To be computed ( source : Larson's Calculus) $\lim _{x\rightarrow\infty} \frac {x+1} {(x^2 +1)^{1/3}}$
I tried what follows, but my answer is not validated by the limit calculator I've used ( i.e. E-Math-Help, which gives : $\lim = 1$ )

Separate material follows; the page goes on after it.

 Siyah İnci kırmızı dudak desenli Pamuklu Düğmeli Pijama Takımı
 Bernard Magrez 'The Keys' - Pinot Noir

$$ \lim _{x\to\infty} \frac {x+1} {(x^2 +1)^{1/3}} $$
$$ \lim _{x\to\infty} \frac {x^{3/3} ( 1+ 1/x)} {((x^2) (1+ 1/x^2))^{1/3}} $$
$$ \lim _{x\to\infty} \frac {x^{3/3} ( 1+ 1/x)} {(x^{2/3}) (1+ 1/x^2)^{1/3}} $$
$$ \lim _{x\to\infty} \frac {x^{1/3} ( 1+ 1/x)} { (1+ 1/x^2)^{1/3}} $$
Since the first factor of the denominator goes to infinity as $x$ goes to infinity ( while the second goes to $1$) and since the denominator goes to $1$ , I would like to conclude that :
$\lim _{x\rightarrow\infty} \frac {x+1} {(x^2 +1)^{1/3}}= \infty $
Where does my calculation go wrong?
Link to E-Math-Help's solution : https://www.emathhelp.net/calculators/calculus-1/limit-calculator/?f=%28+x%2B1%29%2F%28x%5E3+%2B1%29%5E%281%2F3%29&var=&val=inf&dir=
Your answer is correct. But the problem in the E-Math solution is a different one with the $x^3$ while yours is $x^2$.